» EXERCISE DETAILS
Print exactly the lines below between the line containing "bf9585ef1c15 Shop Blue" and the line containing "nieuwe badkamer installeren", counting both of those lines. Leave pictures out.

» EXERCISE DATA
+ + + +
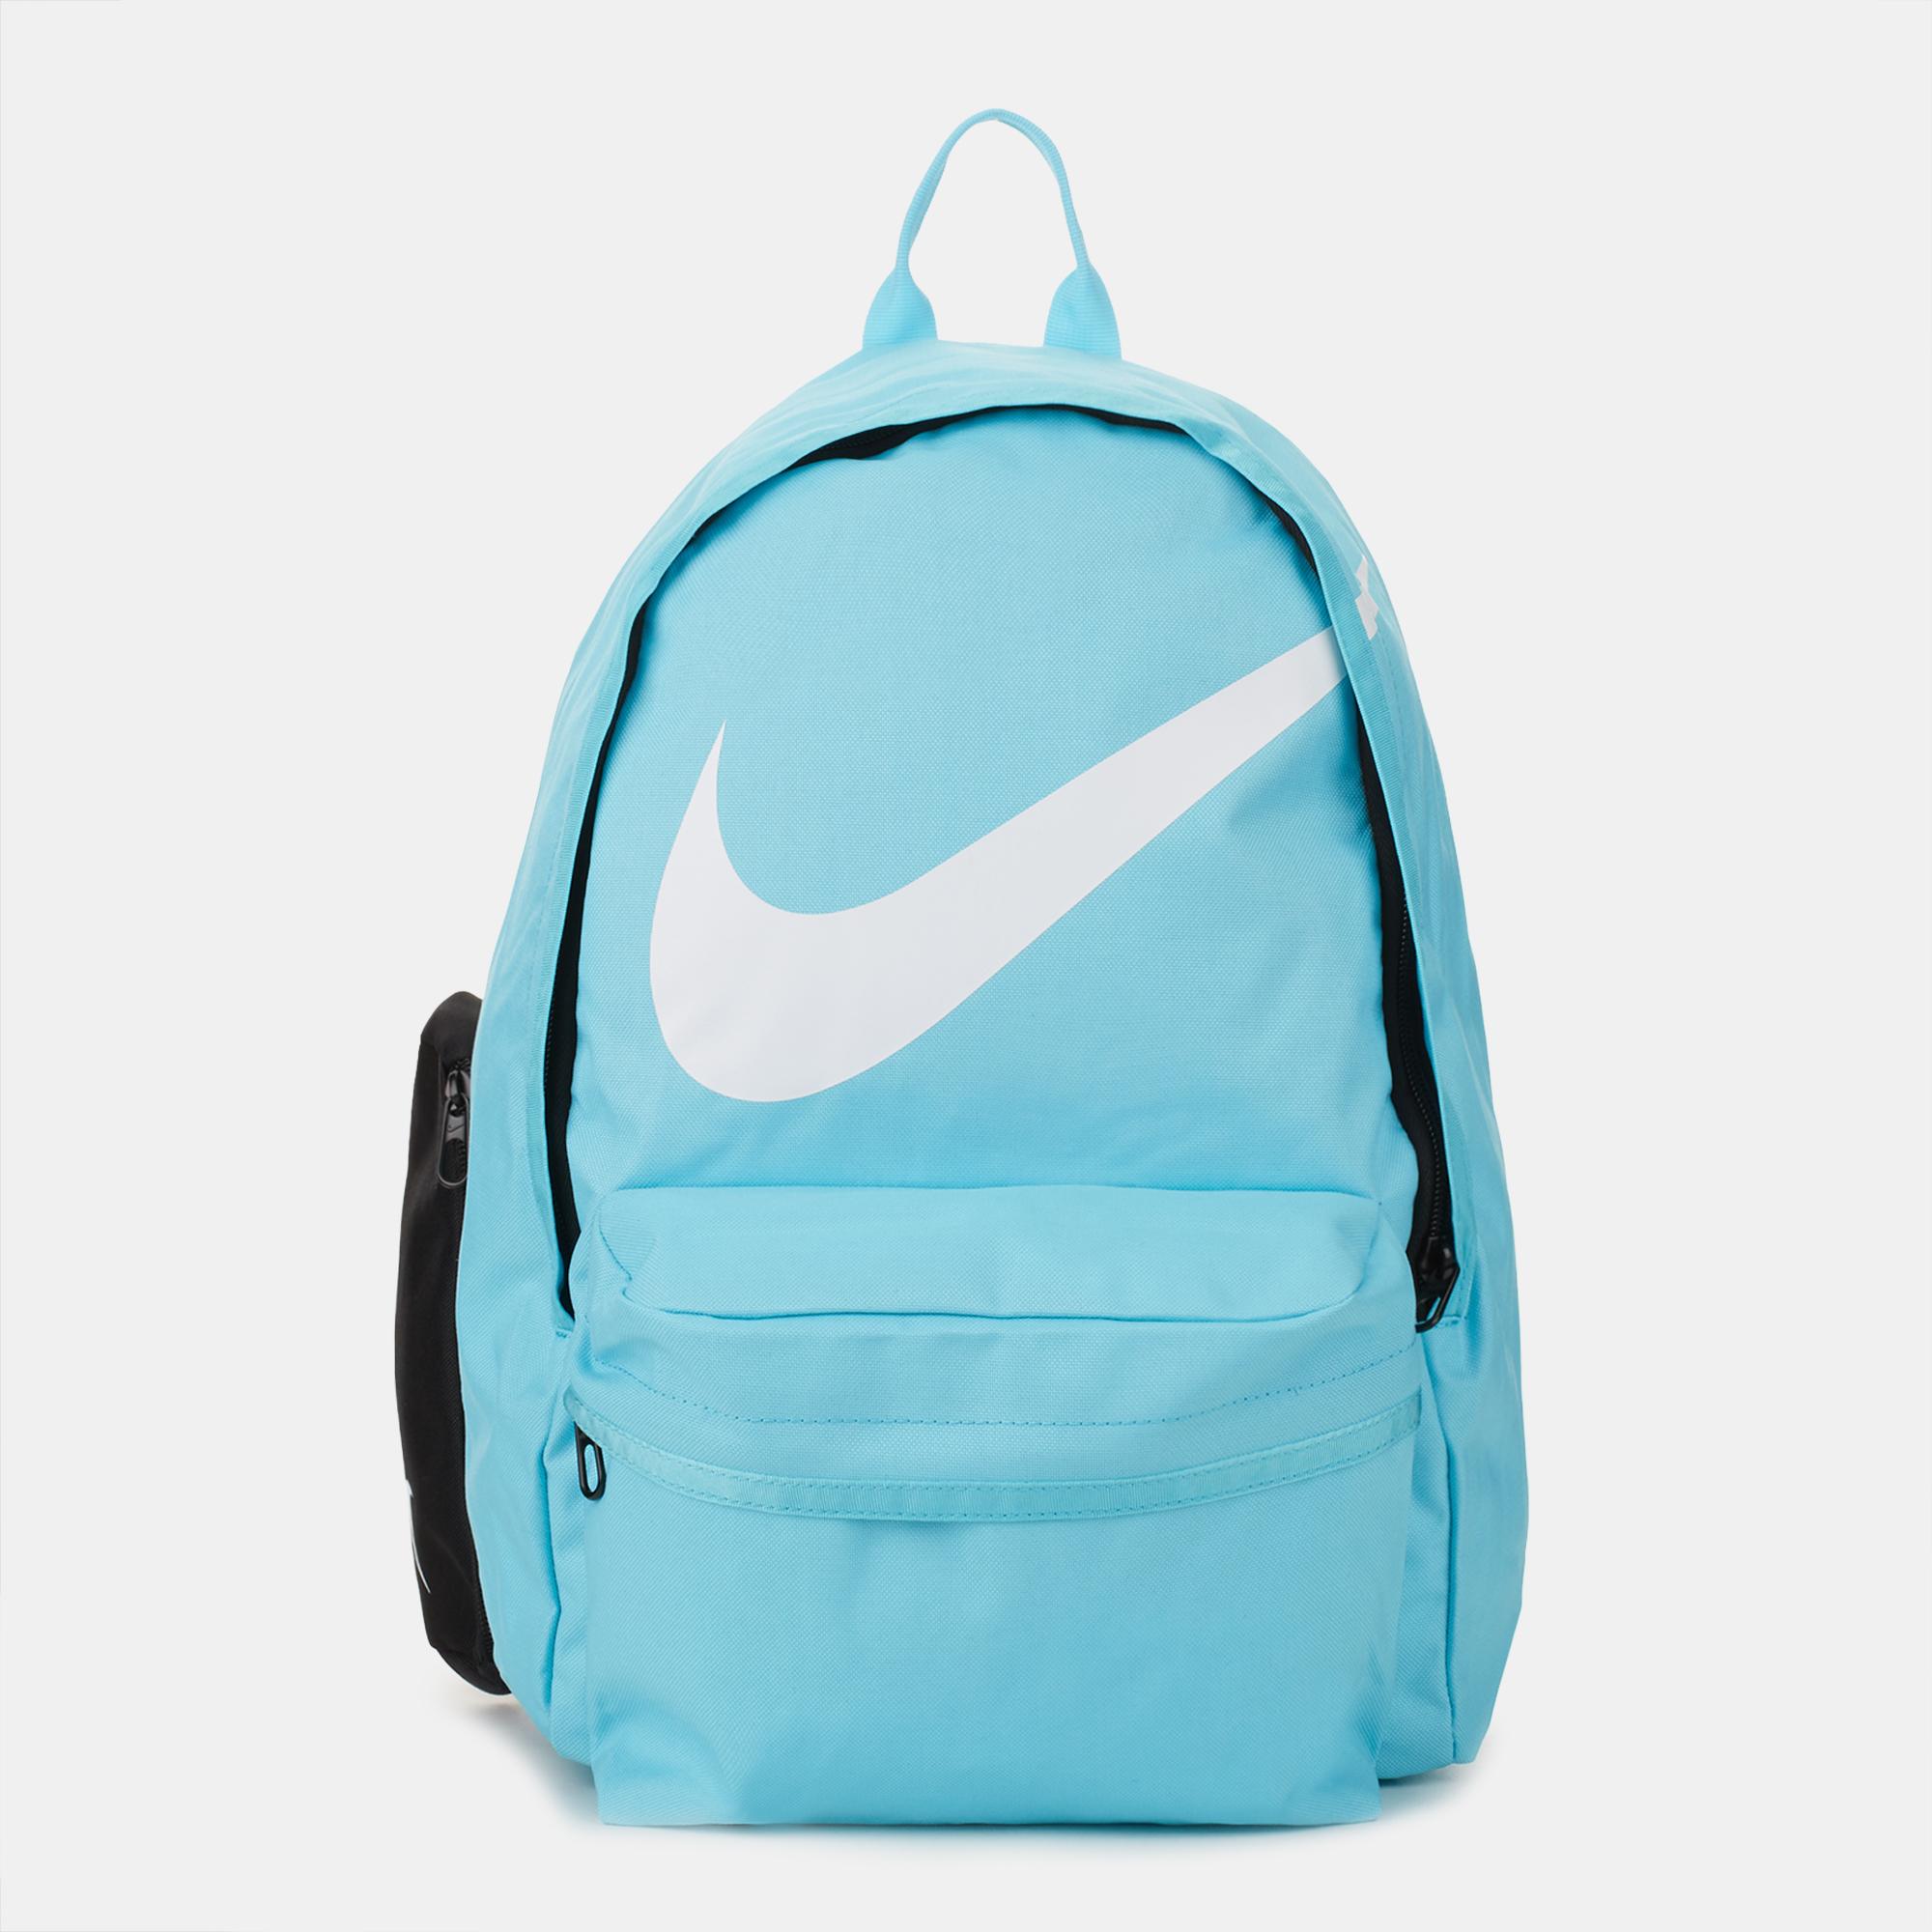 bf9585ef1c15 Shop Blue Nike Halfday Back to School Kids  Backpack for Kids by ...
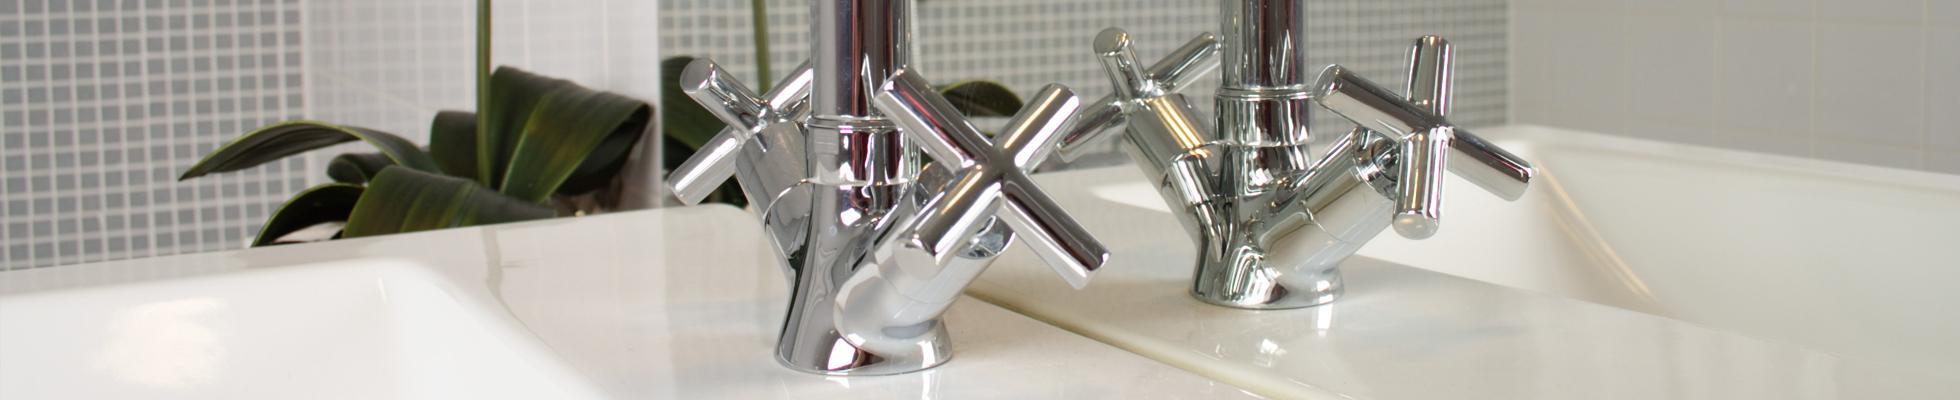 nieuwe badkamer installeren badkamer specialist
+ + + +
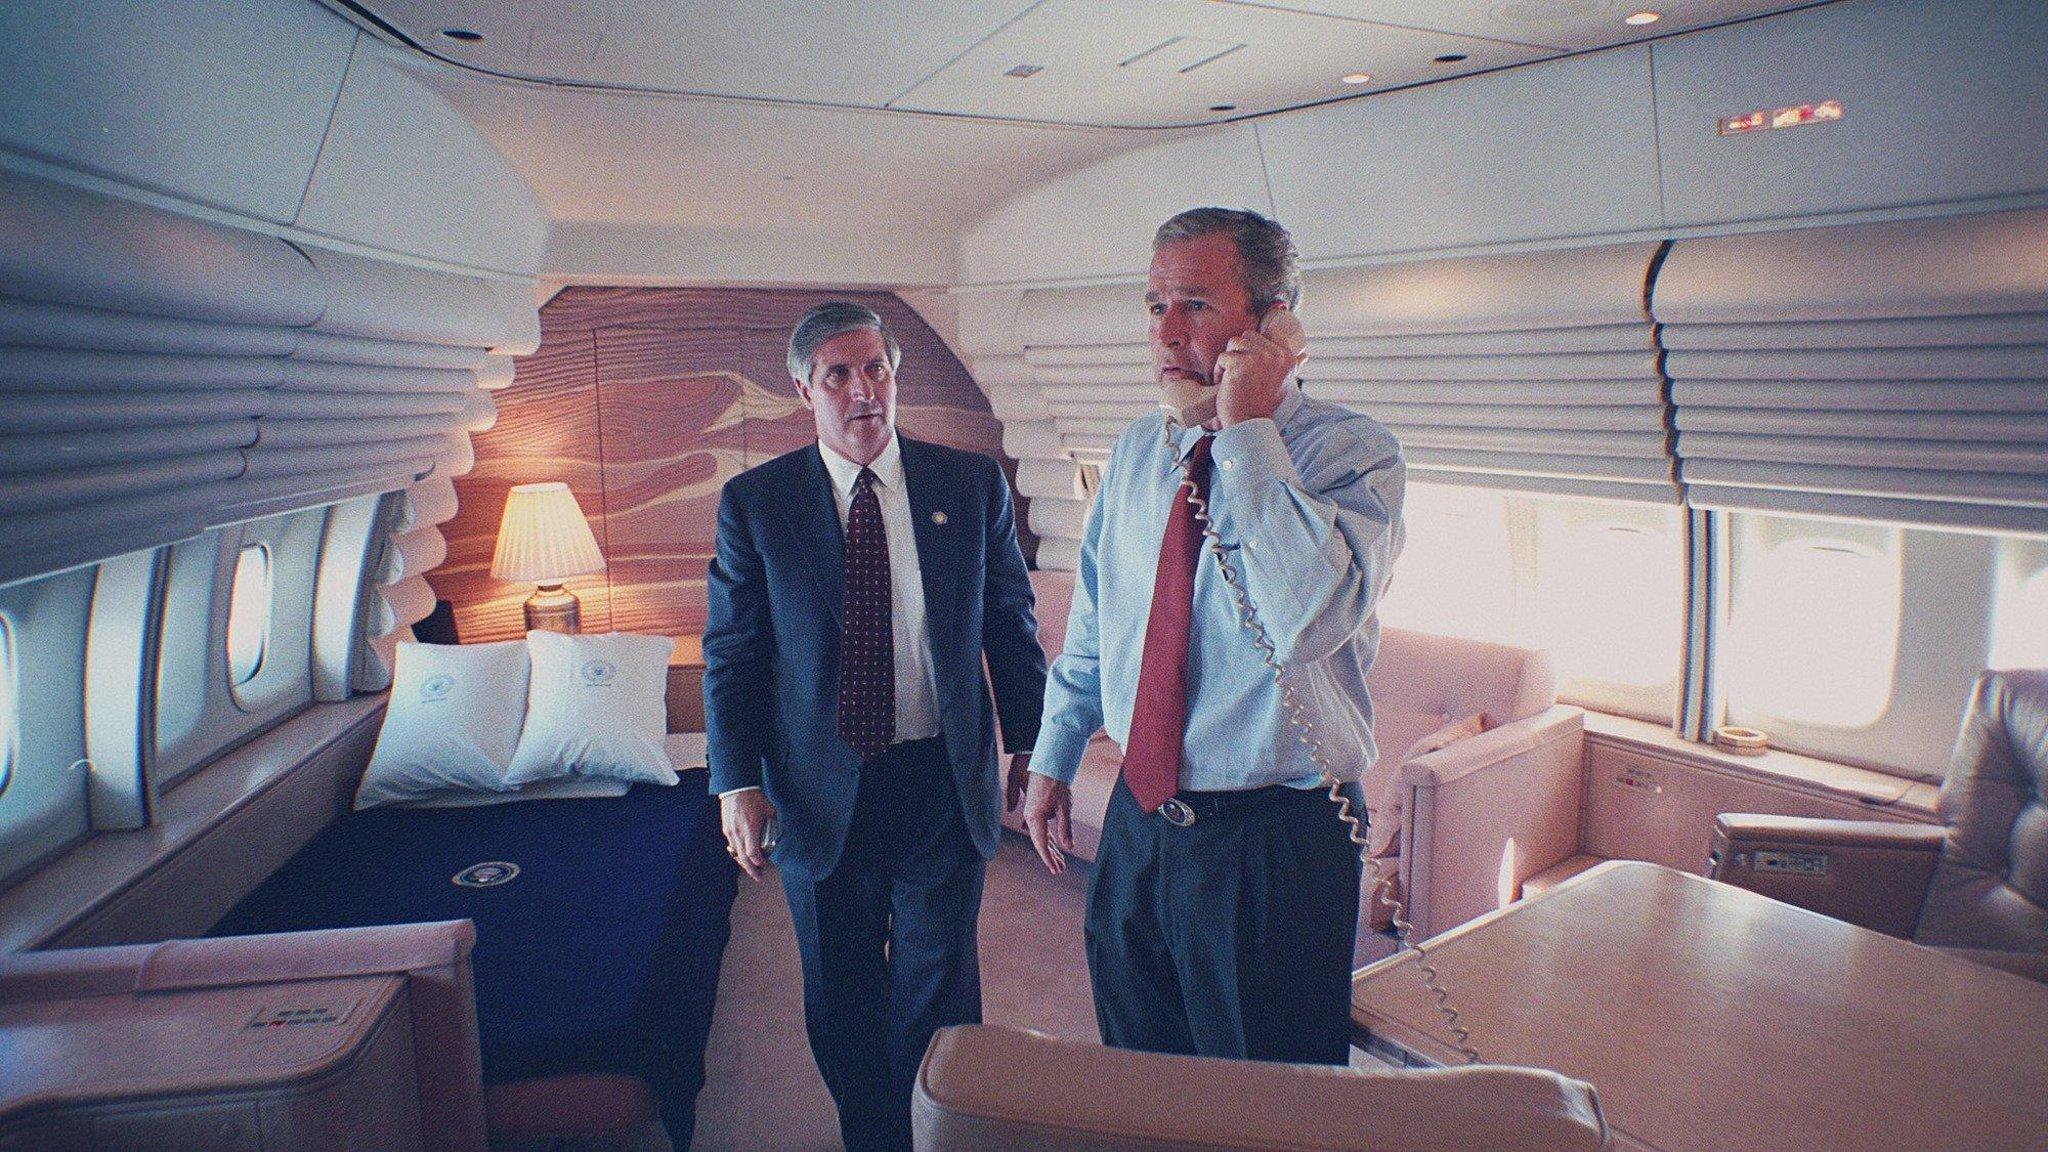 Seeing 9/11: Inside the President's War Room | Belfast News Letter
+ + + +
» EXERCISE SOLUTION
 bf9585ef1c15 Shop Blue Nike Halfday Back to School Kids  Backpack for Kids by ...
 nieuwe badkamer installeren badkamer specialist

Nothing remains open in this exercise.